Feature: But Those Are MY KEYWORDS!

If you want to see a grown man cry, go after his keywords.

It is no secret that paid search marketing is war. Protecting tens of thousands of keywords is the SEM soldier’s never-ending battle. As if this were not hard enough, sometimes the hardest battle comes from within the ranks. And this is exactly what I witnessed last week.

Search engine marketing no long lives within individual consultants or SEMs alone. Today, an advertiser’s traditional agency, interactive agency, media buying agency, PR agency and in-house search team are all well-armed with search strategies and tactics.

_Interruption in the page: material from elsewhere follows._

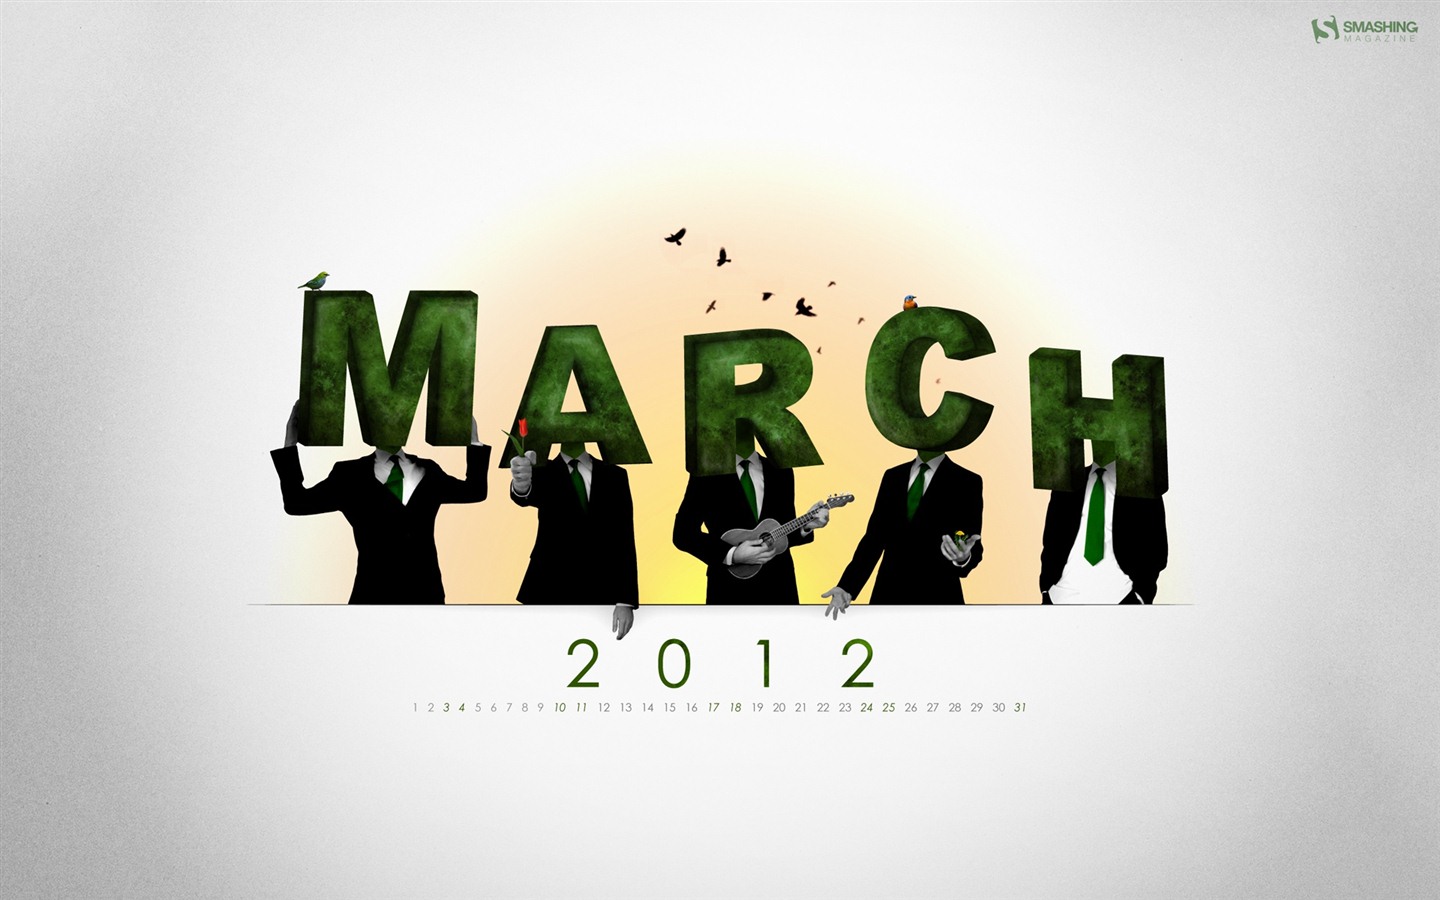 March 2012 Calendar Wallpaper #18 - 1440x900

Why? The spoils are too great and everyone vies for a piece of the pie. Though slow to the field, the larger entities, or the advertiser itself, have now built up their search skills. In fact, many agencies have recently hired away employees from top SEMs, as well as become well-versed in the required technology.

Picture this: a large interactive agency with a respectable search engine marketing team is awarded a brilliant, microsite project and the accompanying interactive media buy, including search. This sends the incumbent SEM into fits. Fearful of losing ground, the SEM sends the agency a very limited approved list of keywords to bid on. Of course, these keywords receive little or no traffic. And so they go to battle over who gets to own which keywords.

This is where it gets ugly. There is nothing sadder than seeing two entities fight over keywords – especially when it is at the expense of a mutual client. The advertiser is captive, as the entities enter into an outright bid war. Often, treason will occur when two internal departments, say consumer marketing and enterprise marketing, each duke it out for the same keyword.

How to avoid such a waste of time and money? Diplomacy. Unfortunate as it is, the onus is on the advertiser to make sure all play nicely in the sandbox. Guided by common sense, it is the advertiser who should determine what is best for the brand, and not the agencies’ respective billings.